Monday, 30 June 2014

The Crossing

Destiny is a fickle thing.  Just when you’re convinced that you’re living under a dark curse, it turns out that all the bad things happening to you are actually sparing you greater troubles.  Thus began our first multi-day crossing of the Bay of Biscay.

As we approached the meeting point we had set with our friends making the crossing with us, we realized that our vhf marine radio was not working.  After a few telephone calls, we agreed that it would be folly to try to head out without the means to contact each other (or emergency services) and so we called our electrician and re-routed to a nearby port to look at the problem.  Our friends were on a schedule and had to go on without us.

After 2 days, the problem was solved and the weather looked pretty good so we decided to go ahead and cross to Bilbao by ourselves.  After meeting up, we learned that they had a much rougher crossing than we did, and if we had been with them, we probably would have been traumatized. 

As it was, we were none too happy.  We agreed that we would never, ever do something so stupid again.  It’s too stressful, too tiring, and no fun!  Why on earth are we doing this to ourselves?  Then there were moments of grace:  the first day was gorgeous and we were sailing wing-and-wing from morning to sunset on a flat sea, the sky was full of shooting stars, the ocean turned a deep royal blue as we moved into 2000 meters of water, and the next morning, dolphins came to play with us.

First night jitters
Off to a great start

Sailing wing and wing most of the first day on a flat sea.

Our at-sea berth with lee cloths to prevent rolling out: 2 hours in, 2 hours out, repeat.

Neptune's greeting committee

But the weather worsened and we hit an 18-hour period of 20-25 knot winds and swell hitting us a-beam.  The motion was uncomfortable and no rest was possible.  We didn’t trust the pilot in those conditions (wrongly, I think) and so we steered for about 40 hours straight, including a pitch-black night with no visual reference other than the dim red glow of the compass. 

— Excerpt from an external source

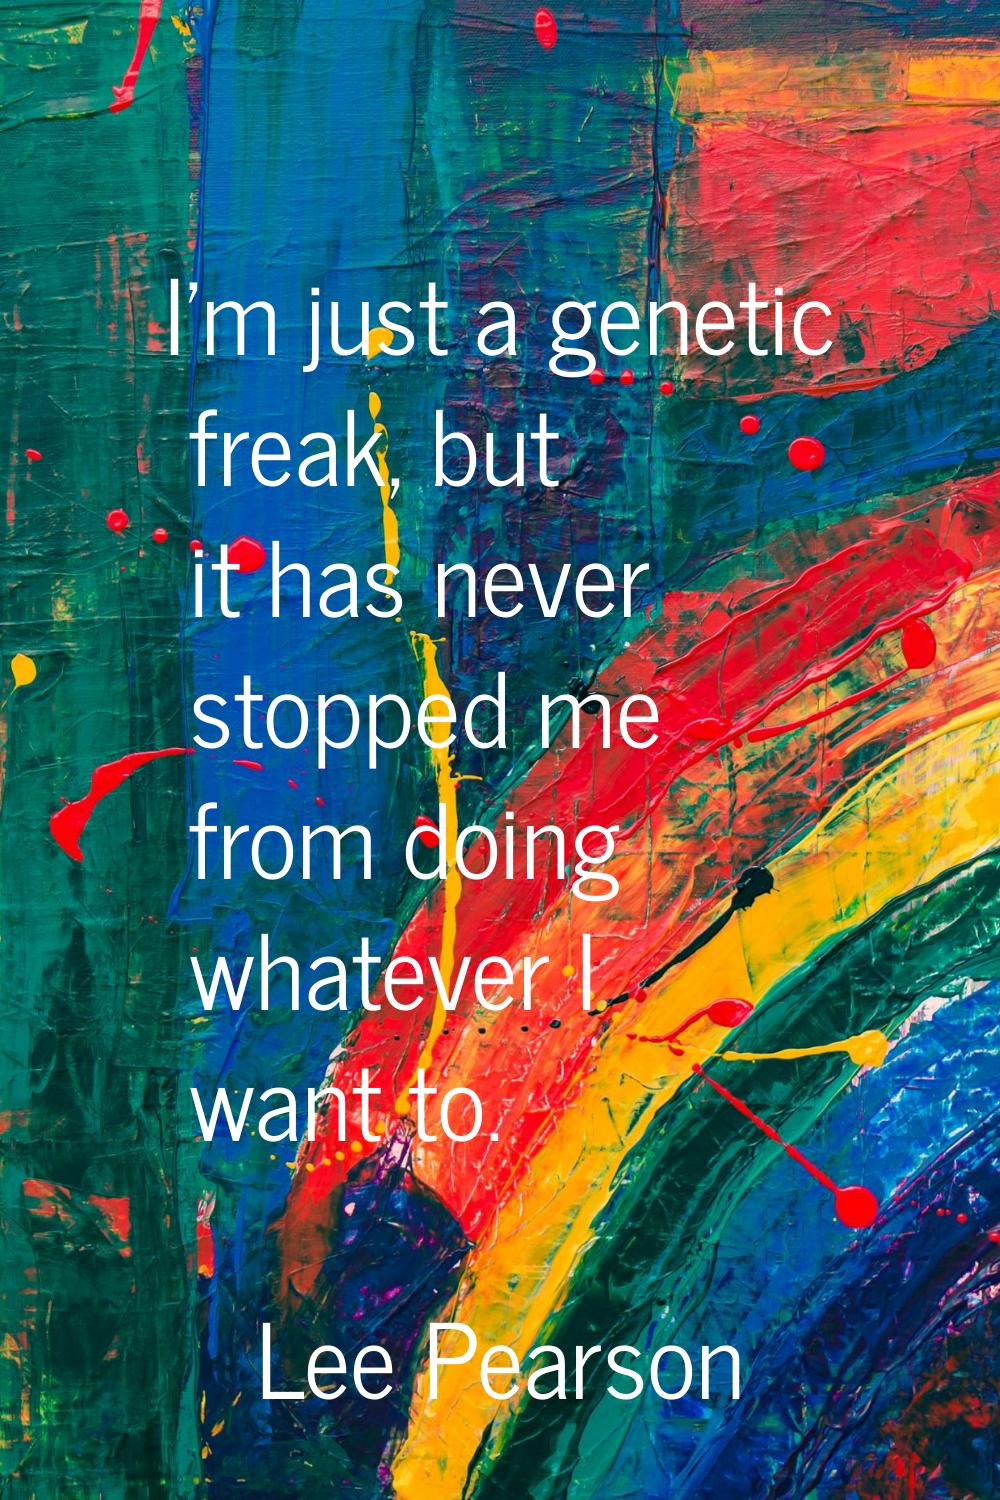 I'm just a genetic freak, but it has never stopped me from doing whatever I want to.

When we were 50 miles off the coast of Bilbao, the wind died down and it began sprinkling.   The sky roared with thunder and lightning lit up the sky as far as we could see along the coast.  Late in the evening, we saw a strange tubular cloud develop in front of our eyes like a tornado turned on its side.  I quickly ran below to look at cloud pictures in our marine atlas but couldn’t identify it.  I suppose it is caused from northerly winds laden with humidity hitting the mountains and being lifted up, condensing, sinking and getting re-hit by northerly winds, creating a roll.  Once the roll gets heavy enough, it takes on a life of its own and rolls "downhill" with a wind shear.  Or not.  Will look it up later...

While the wind was from behind, this thing was moving towards us, very quickly.  We didn’t know what it was but were certain that we didn’t want to have any sail up when it hit.  We briefly thought about trying to sail around it or run away, but it was too large and moving too fast.  We decided the best strategy would be to charge at it perpendicularly to pass under and out as quickly as possible. 

The not-so welcoming site over the north coast of Spain.
Under the cloud roll, the winds rose to 35 knots and the rain pelted down but the winds were in the nose and there was no swell, so it actually wasn’t so bad.  A few minutes later, a second roll hit but it was less structured than the first and the winds lighter.  After those few harrowing minutes, things calmed down to what a friend calls “dog breath weather” … warm, humid, and un-breathable.  We motored through the rest of the night in relative calm with light steady rain and a pink and yellow lightning display dancing along the coast but without any strikes in the area.  We finally decided we could trust the pilot to steer, which allowed us to get some much needed rest for the final leg of the journey.  The industrial harbor of Bilbao appeared at dawn and those red and green channel lights were the most beautiful sight we’d seen in a long time.

Bilbao harbor entrance after a rough night.

Post-crossing dry out and nap.
With a few days behind us now, and several hours of psycho-therapy with our friend who has a couple of solo trans-Atlantic crossings under his belt, we've decided it wasn't so bad after all and that we're now better prepared to tackle those rought spots that frighten us.  But being capable of doing something and actually wanting to do it are not the same thing.  We'll revisit this theme again soon, I suspect.